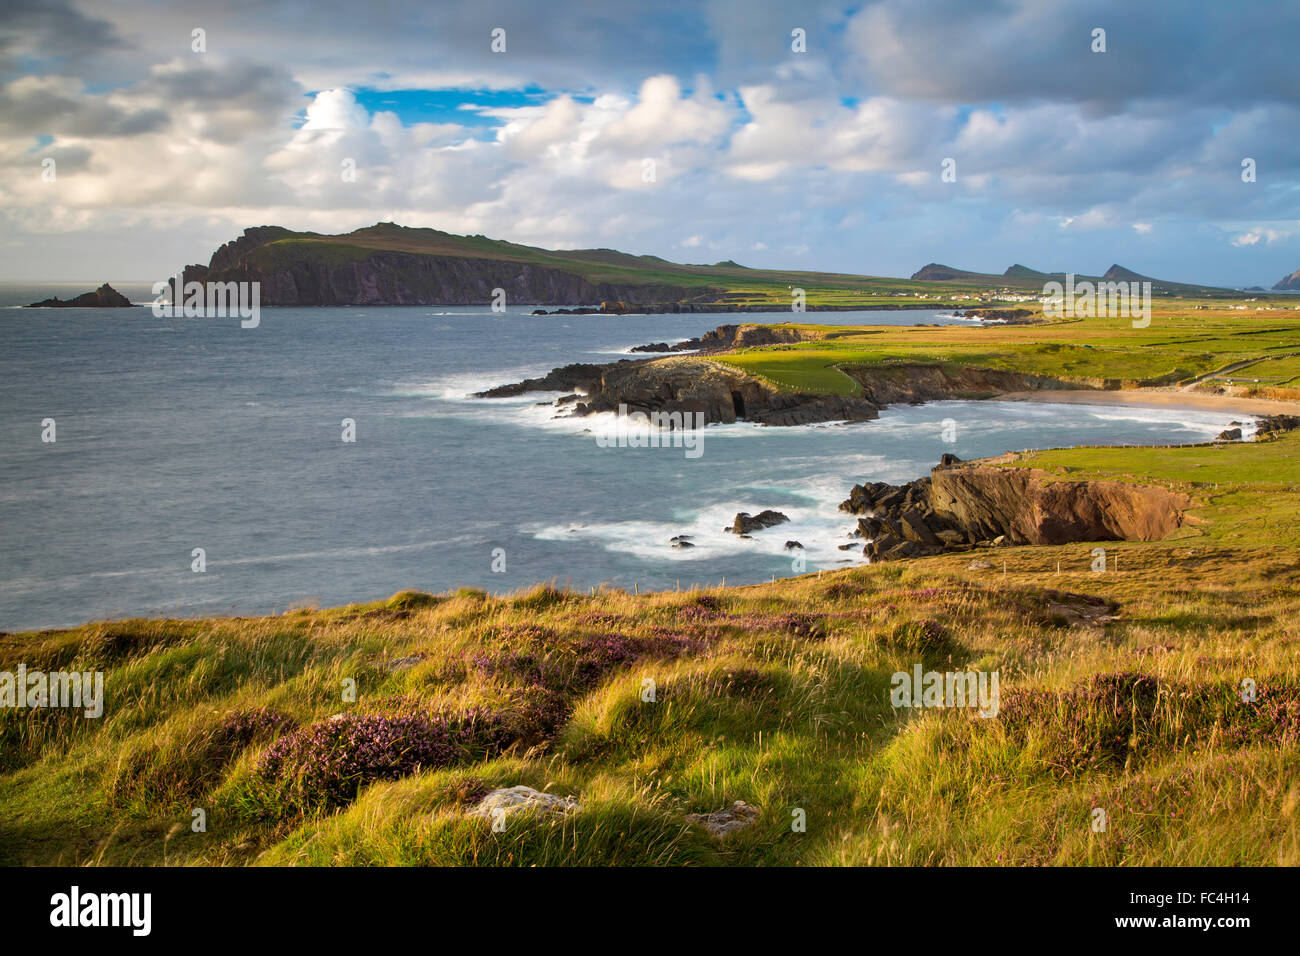 Sera La luce solare sulla baia di Ballyferriter, Sybil punto e i picchi delle Tre Sorelle, penisola di Dingle, nella contea di Kerry, Irlanda Foto Stock
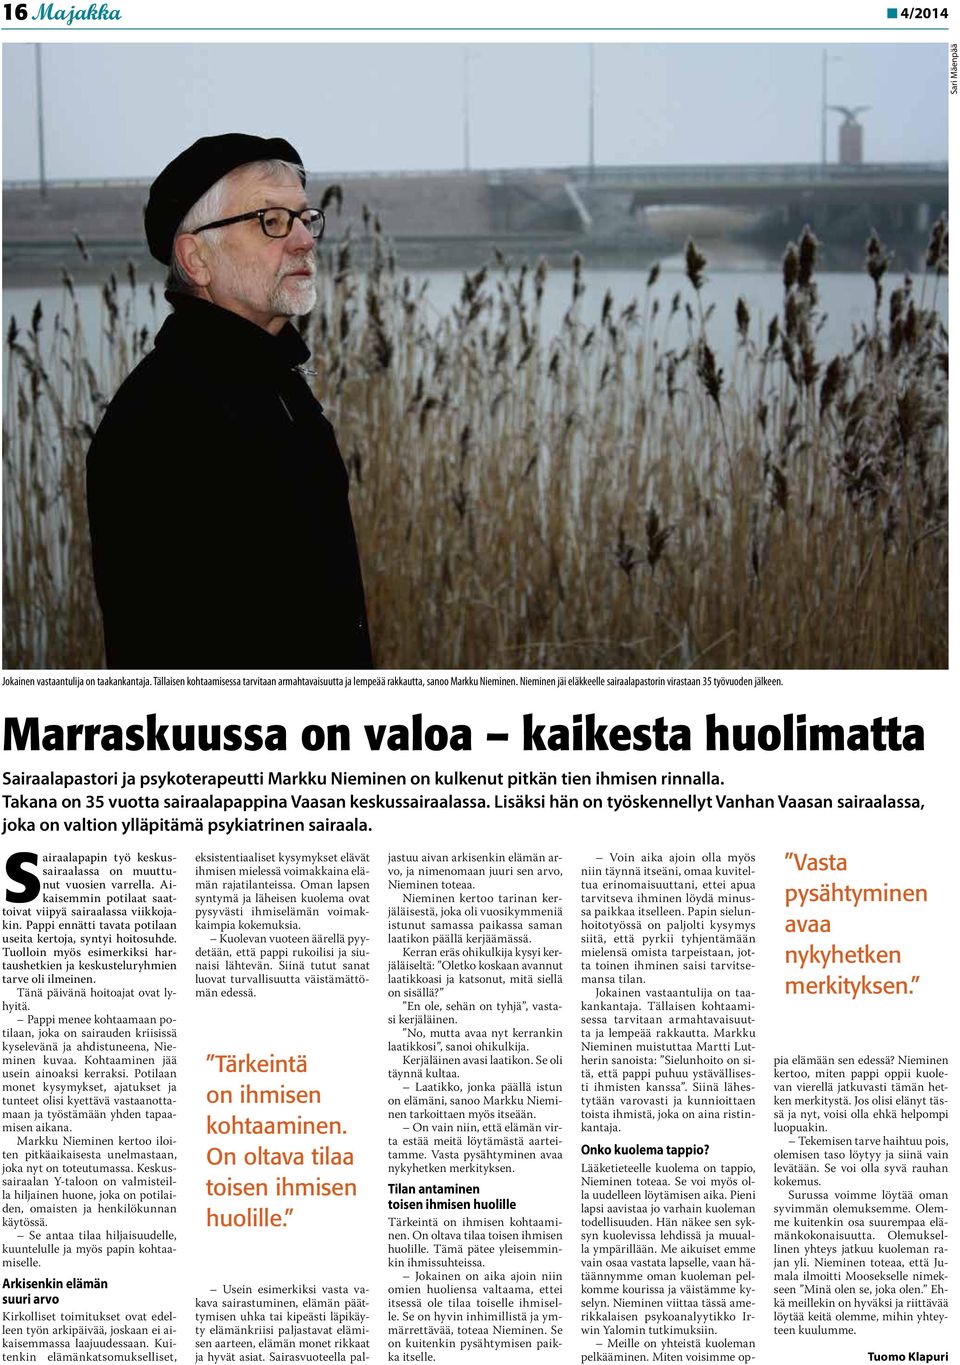 Marraskuussa on valoa kaikesta huolimatta Sairaalapastori ja psykoterapeutti Markku Nieminen on kulkenut pitkän tien ihmisen rinnalla. Takana on 35 vuotta sairaalapappina Vaasan keskussairaalassa.
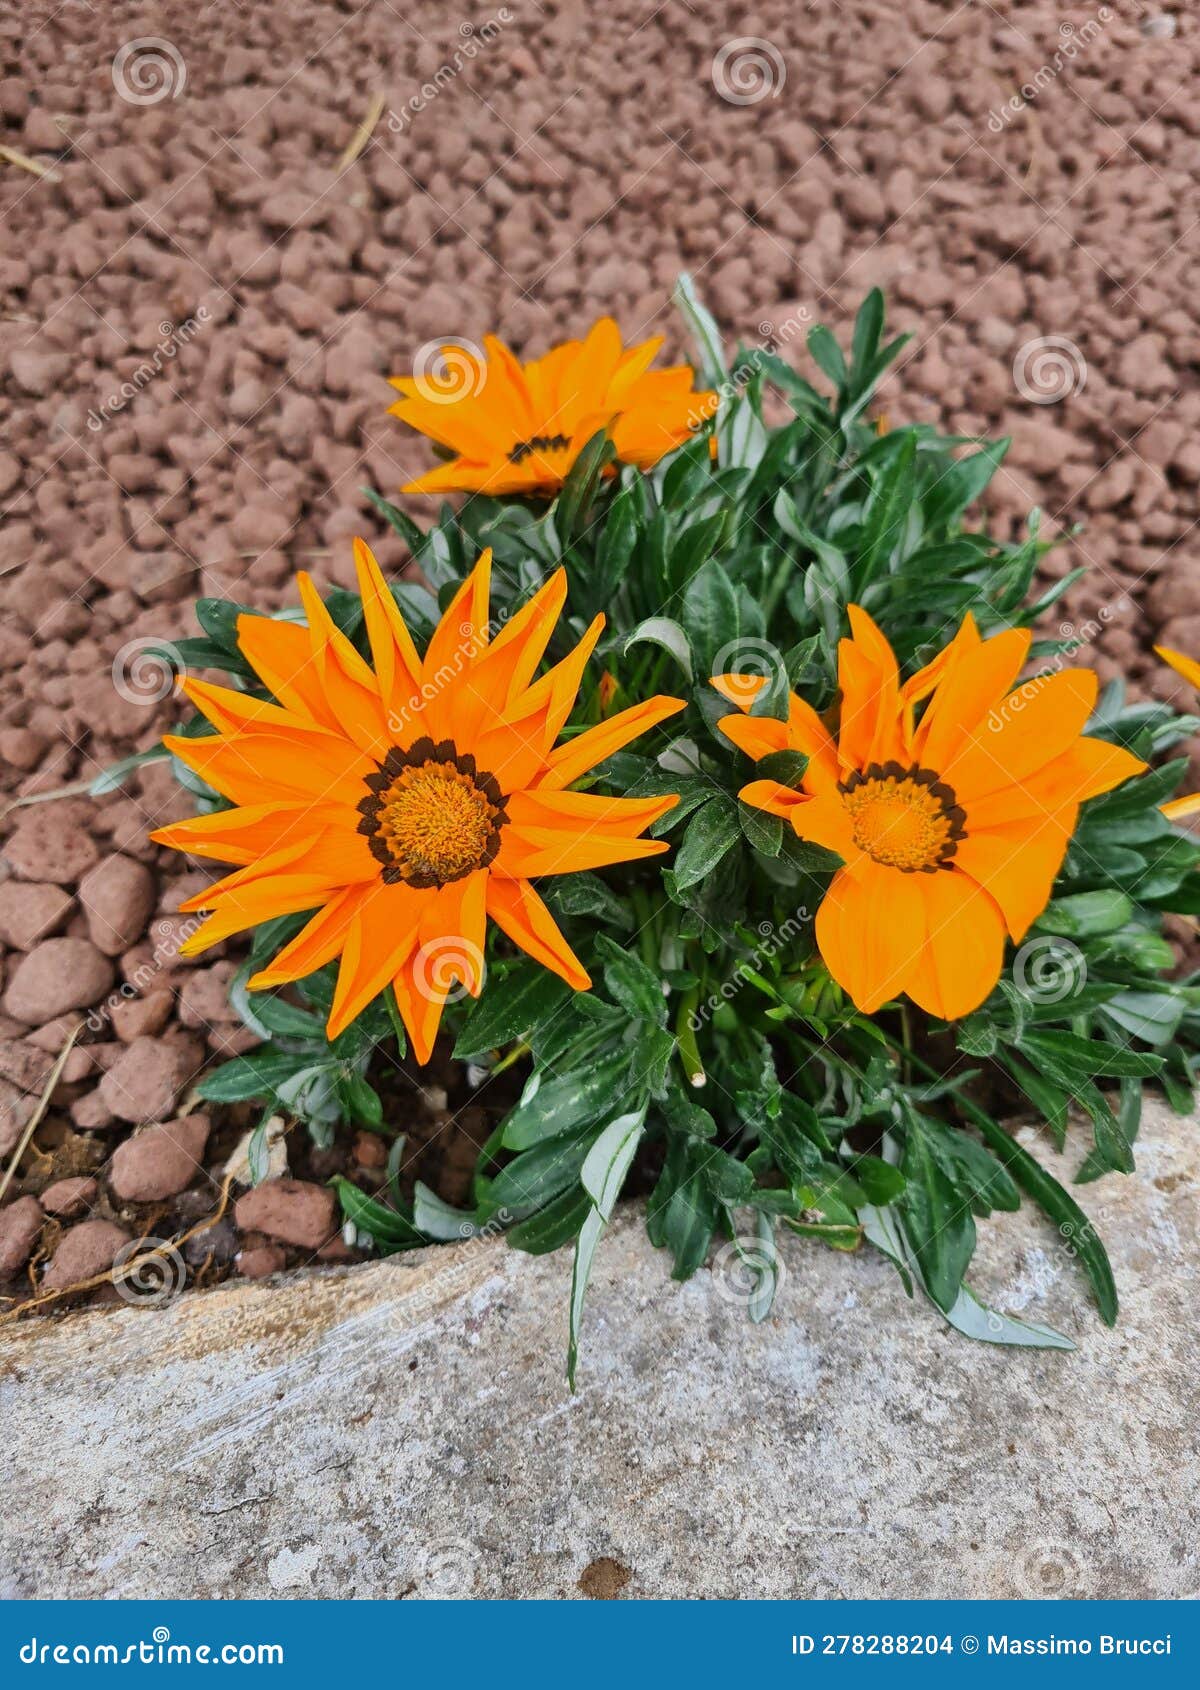 fiore arancione conosciuto come gazania strisciante o gazania (gazania rigens)

INSTRUCTIONS FOR THE TASK: Write out the material above once more, word for word. Images stay out.

RESPONSE TO THIS EXERCISE:
 Sera La luce solare sulla baia di Ballyferriter, Sybil punto e i picchi delle Tre Sorelle, penisola di Dingle, nella contea di Kerry, Irlanda Foto Stock
 Marraskuussa on valoa kaikesta huolimatta Sairaalapastori ja psykoterapeutti Markku Nieminen on kulkenut pitkän tien ihmisen rinnalla. Takana on 35 vuotta sairaalapappina Vaasan keskussairaalassa.
 fiore arancione conosciuto come gazania strisciante o gazania (gazania rigens)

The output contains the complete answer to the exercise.